▸ The data:

-- Opening Marker --

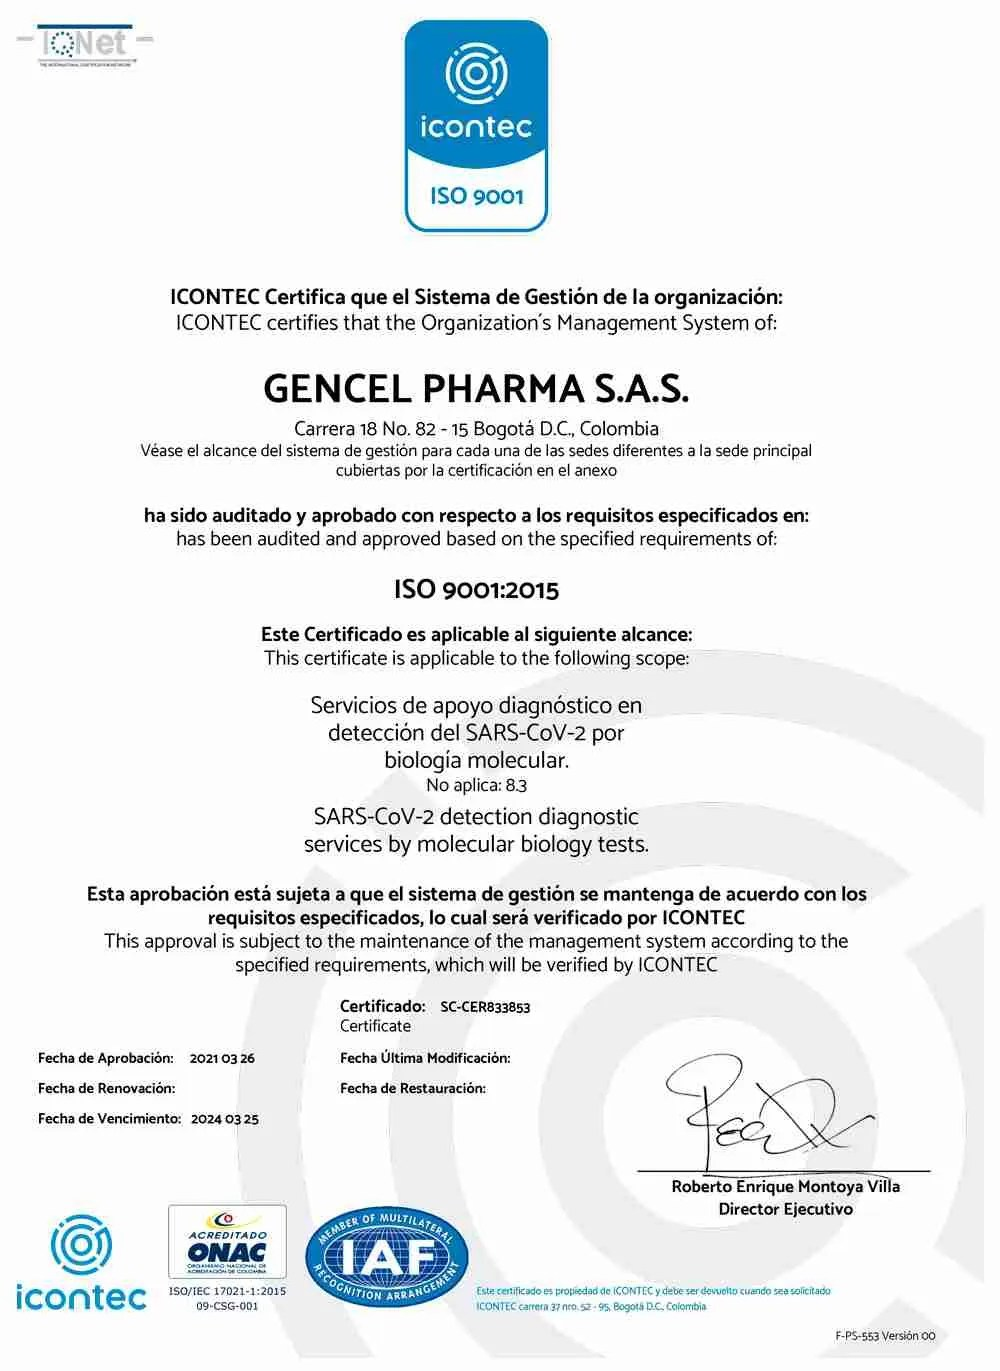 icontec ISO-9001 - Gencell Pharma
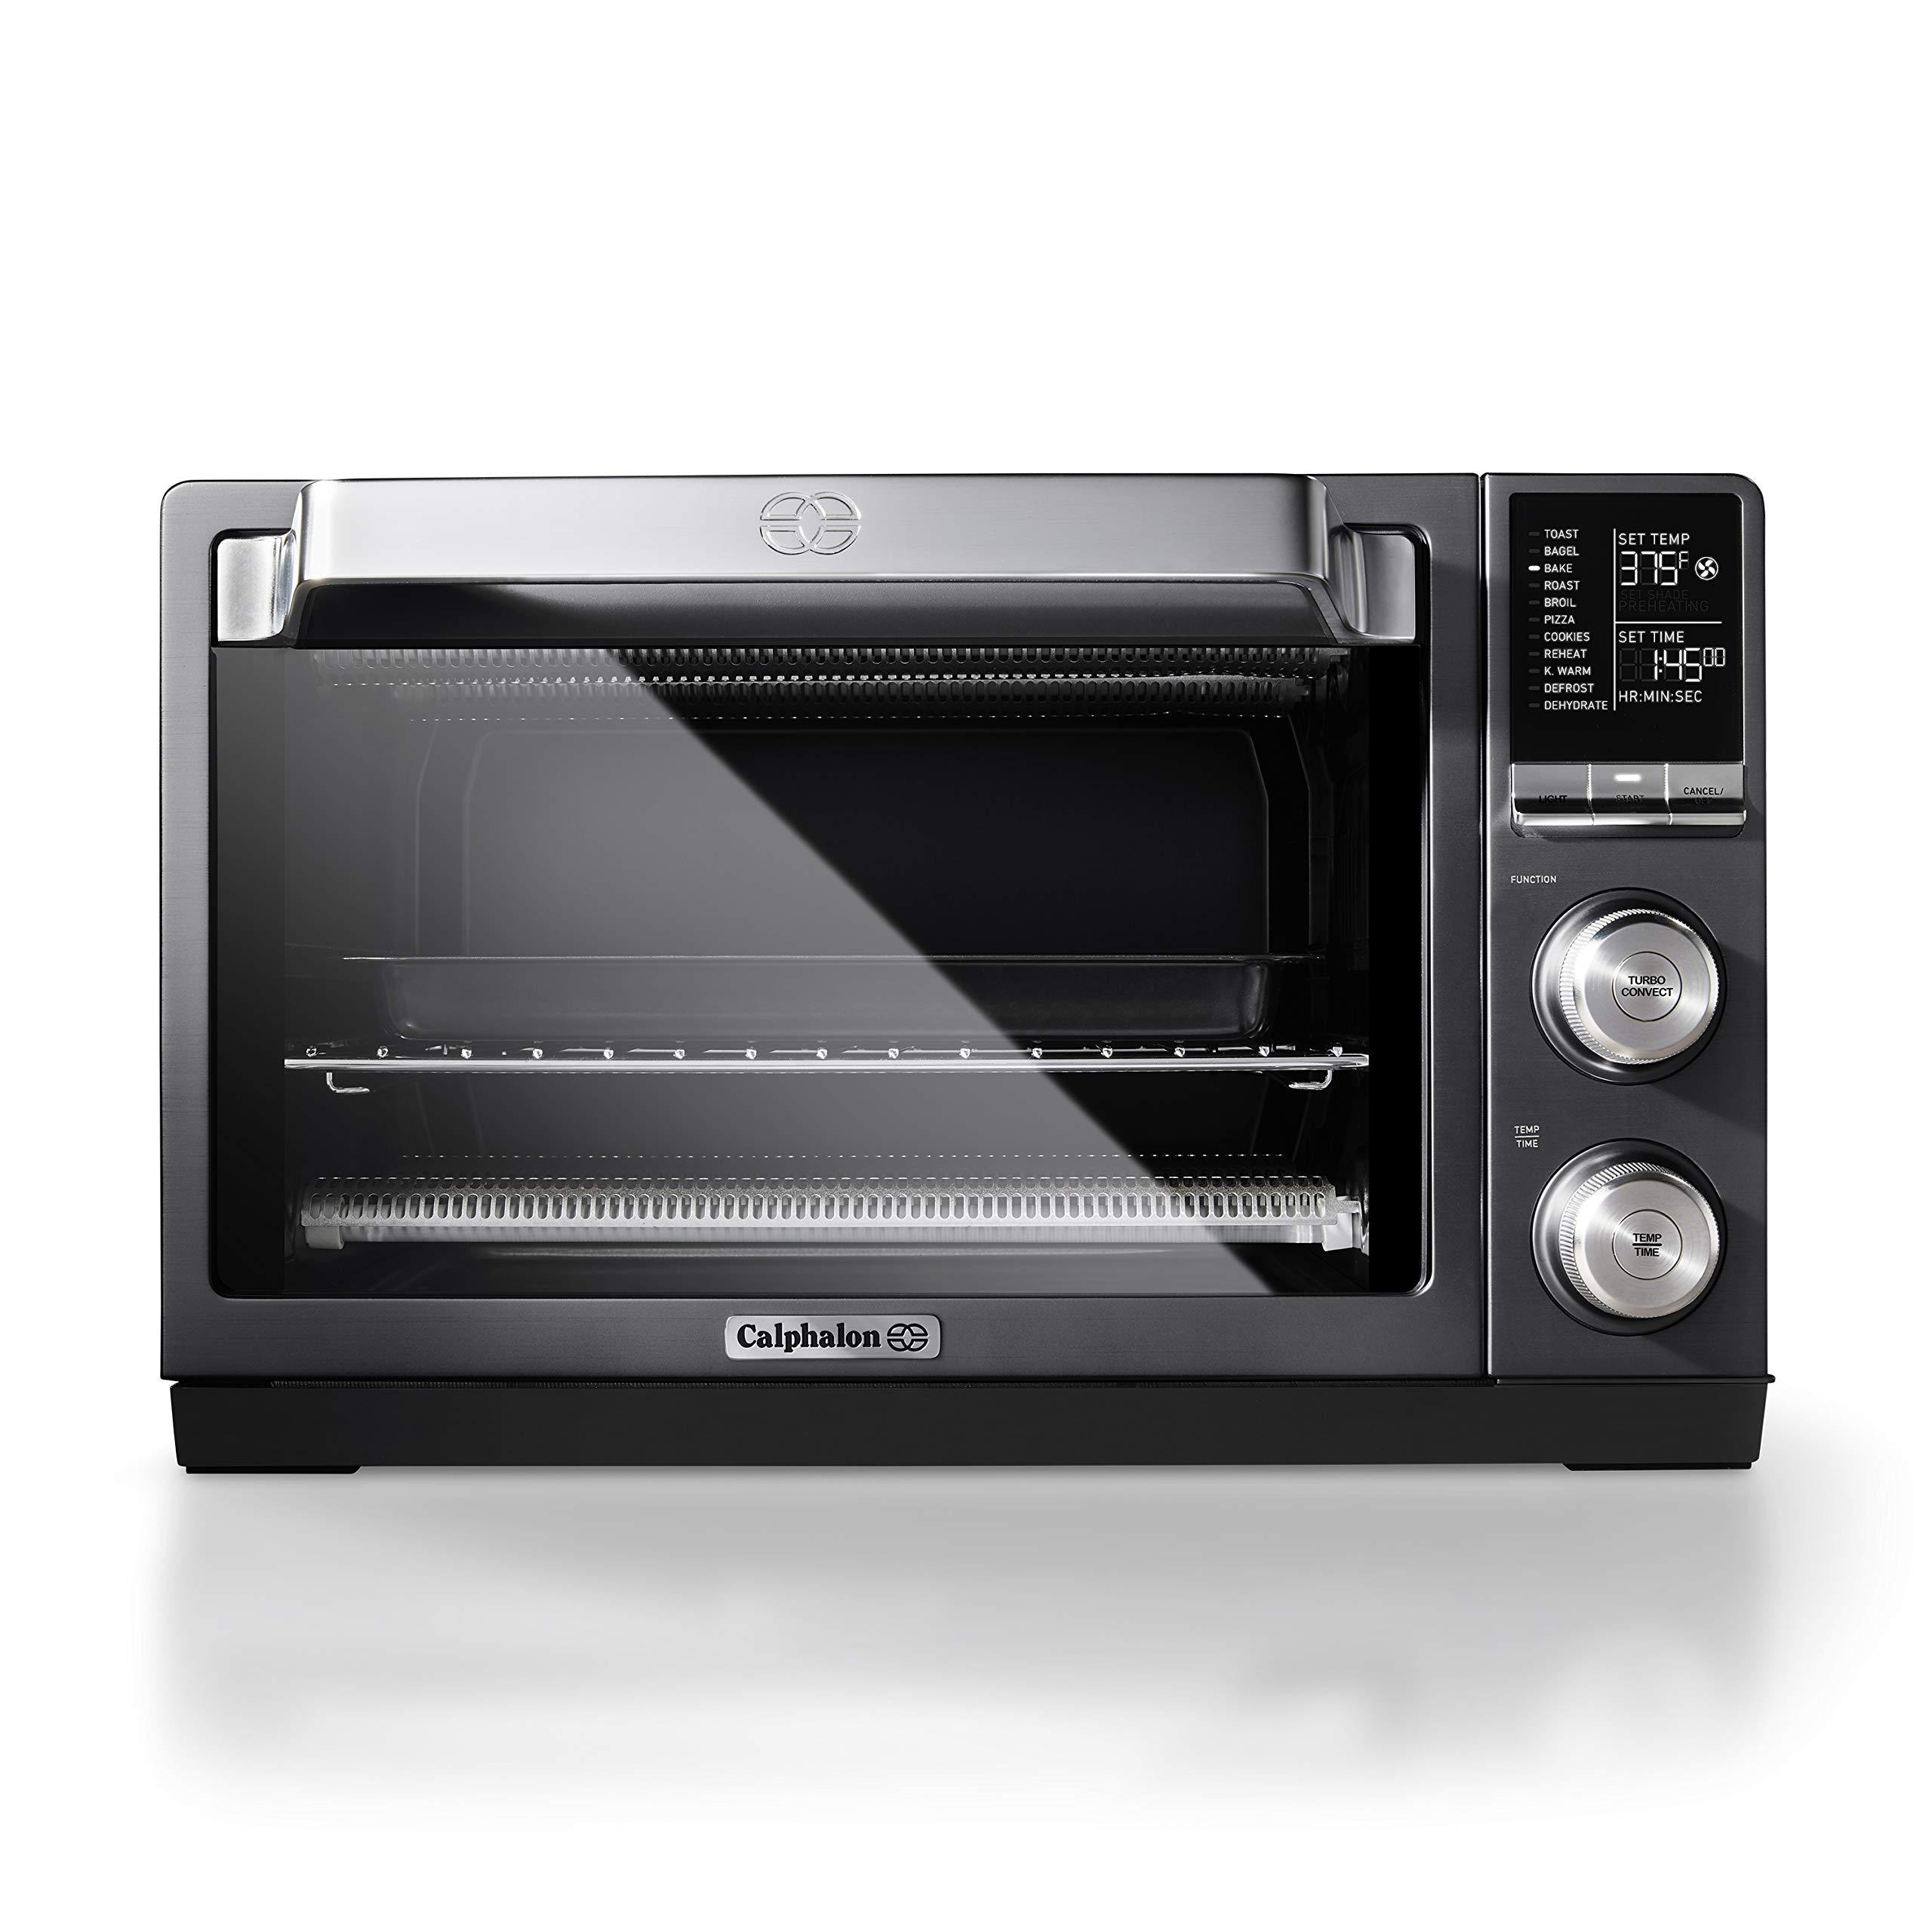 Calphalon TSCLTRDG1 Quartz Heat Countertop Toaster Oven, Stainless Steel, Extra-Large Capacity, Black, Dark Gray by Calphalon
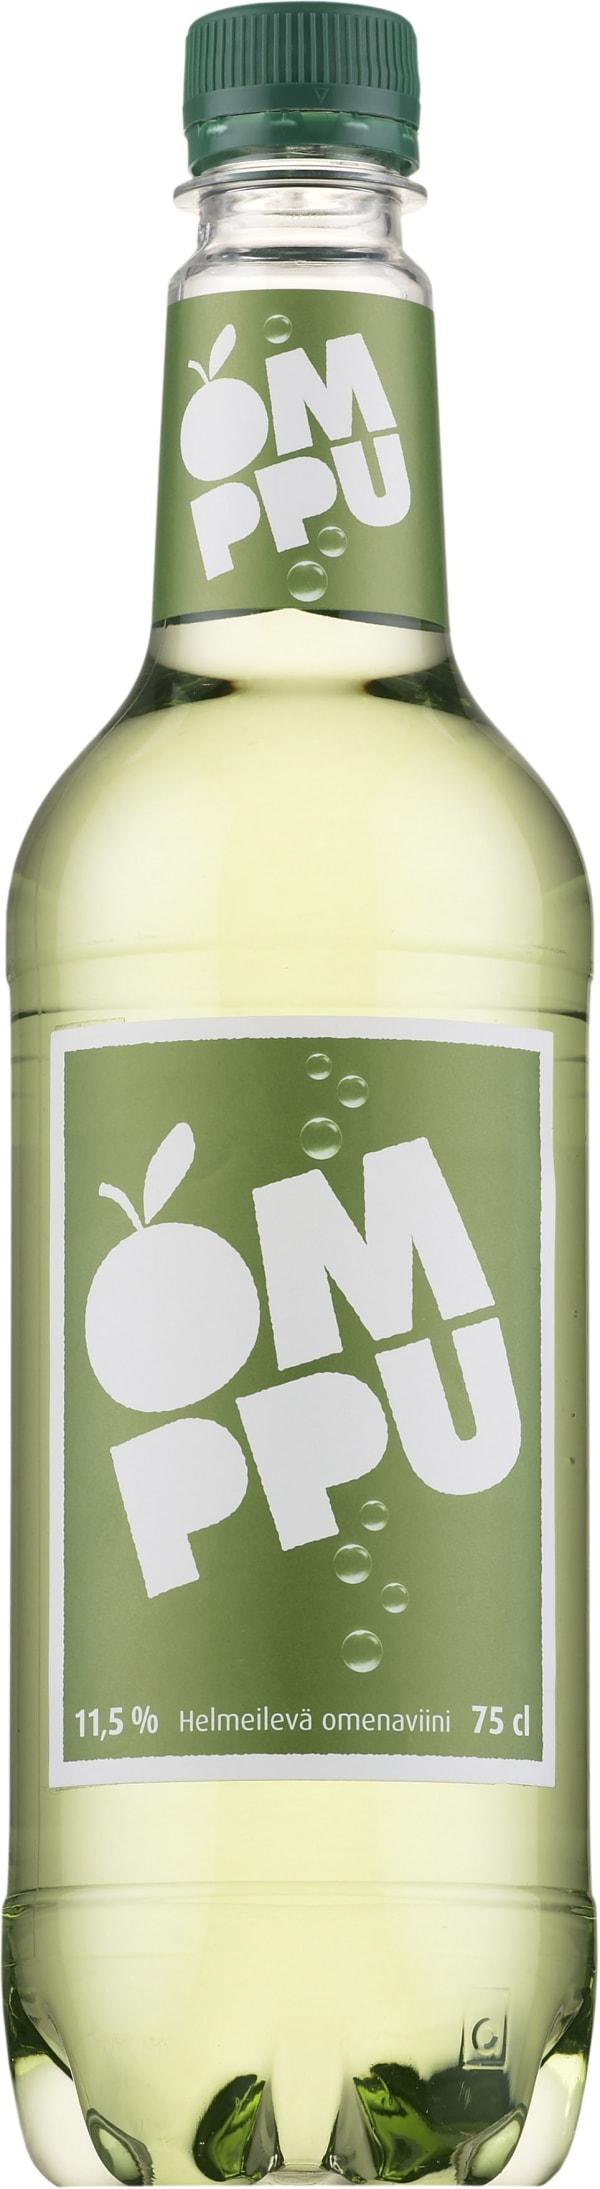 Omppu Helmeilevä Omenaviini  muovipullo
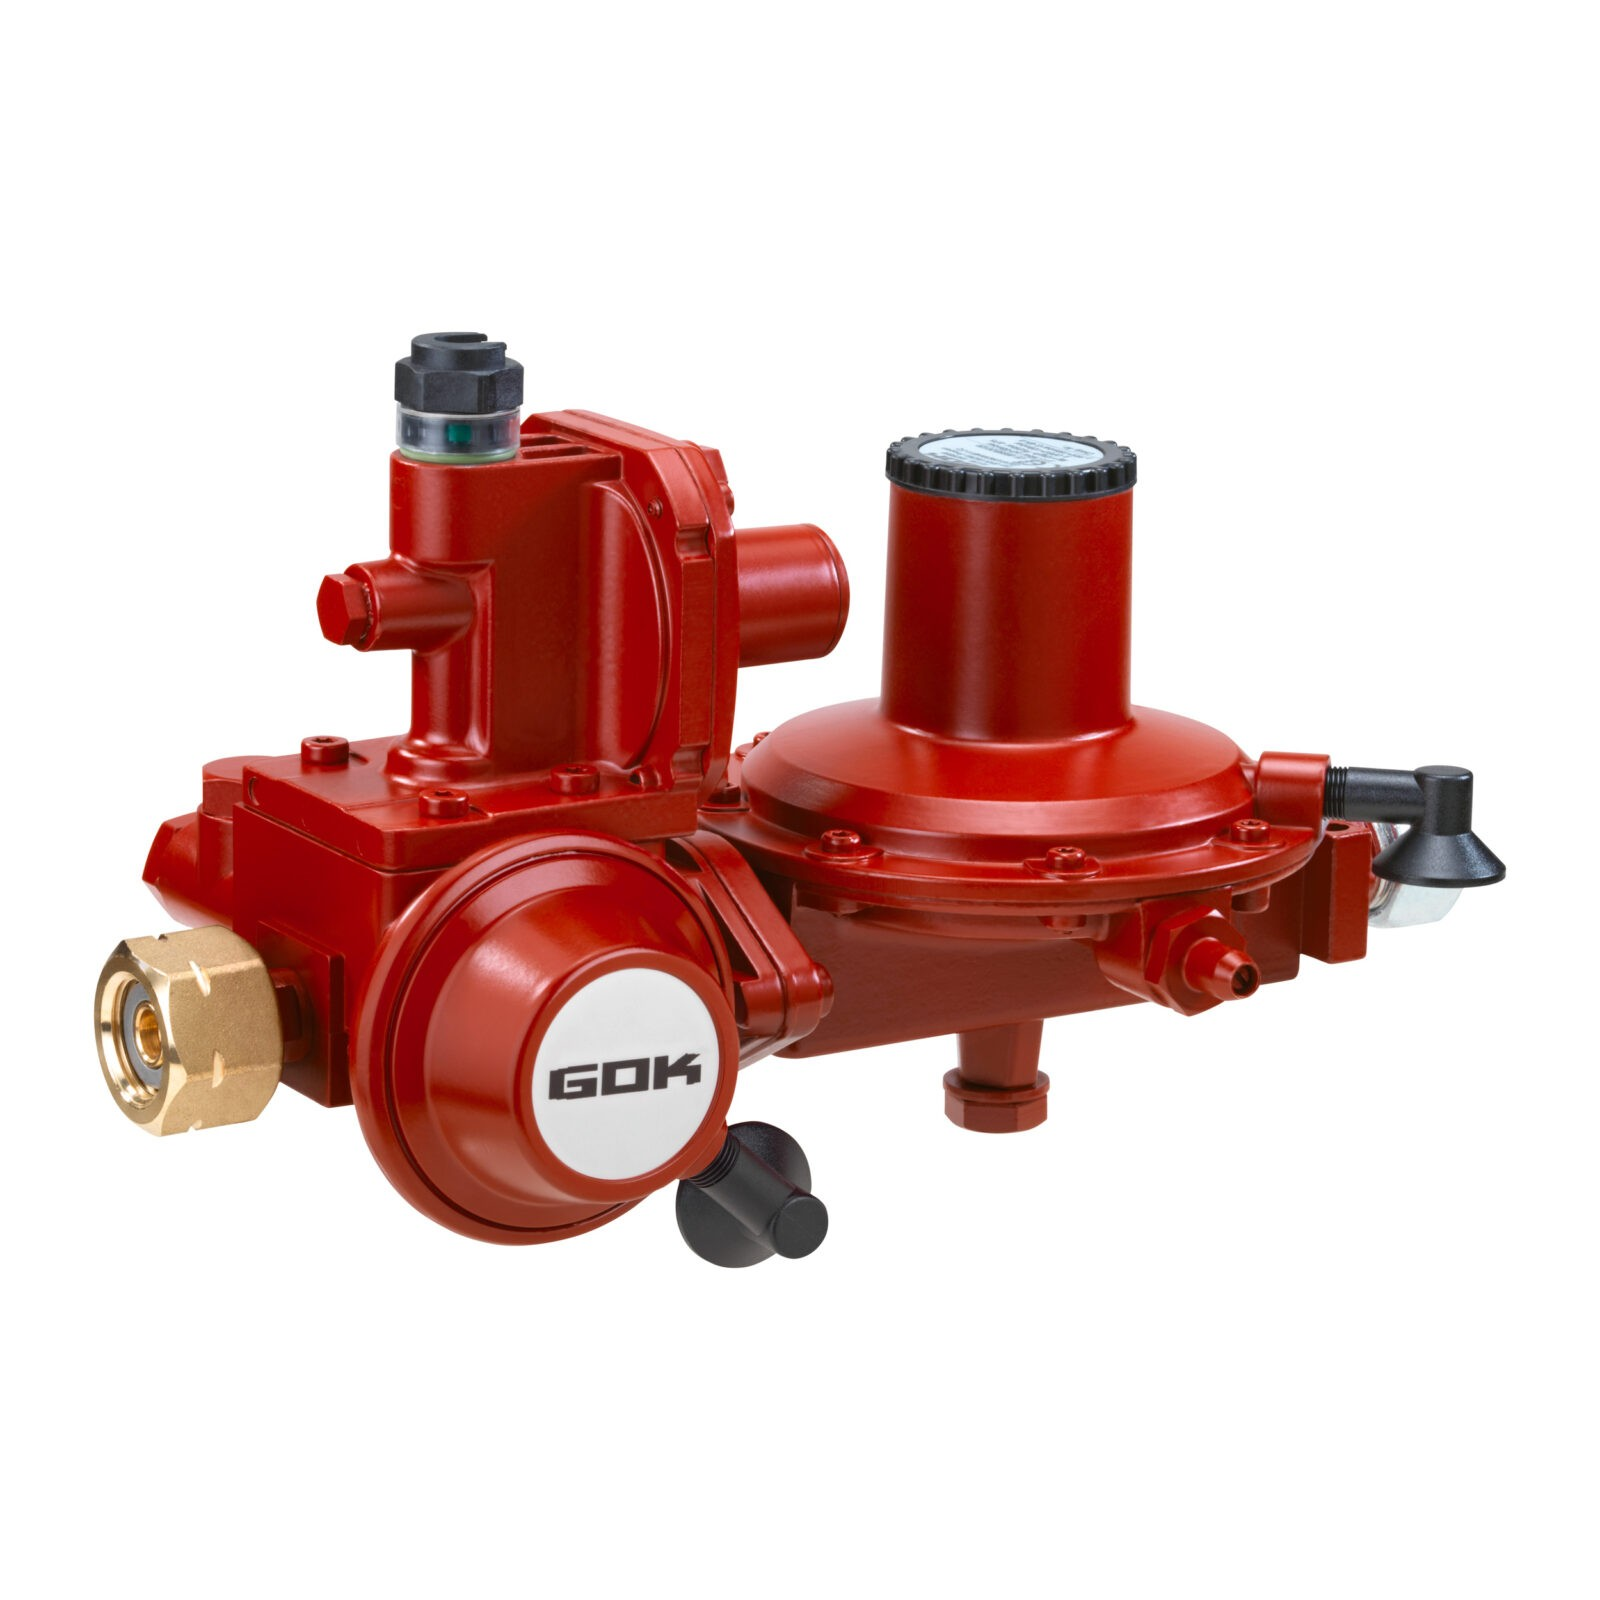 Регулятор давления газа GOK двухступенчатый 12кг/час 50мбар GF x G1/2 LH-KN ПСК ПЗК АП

-- Closing Marker --

▸ Task details:
Word for word, repeat the material above and drop the pictures.

▸ Worked solution:
 icontec ISO-9001 - Gencell Pharma
 Calphalon TSCLTRDG1 Quartz Heat Countertop Toaster Oven, Stainless Steel, Extra-Large Capacity, Black, Dark Gray by Calphalon
 Omppu Helmeilevä Omenaviini  muovipullo
 Регулятор давления газа GOK двухступенчатый 12кг/час 50мбар GF x G1/2 LH-KN ПСК ПЗК АП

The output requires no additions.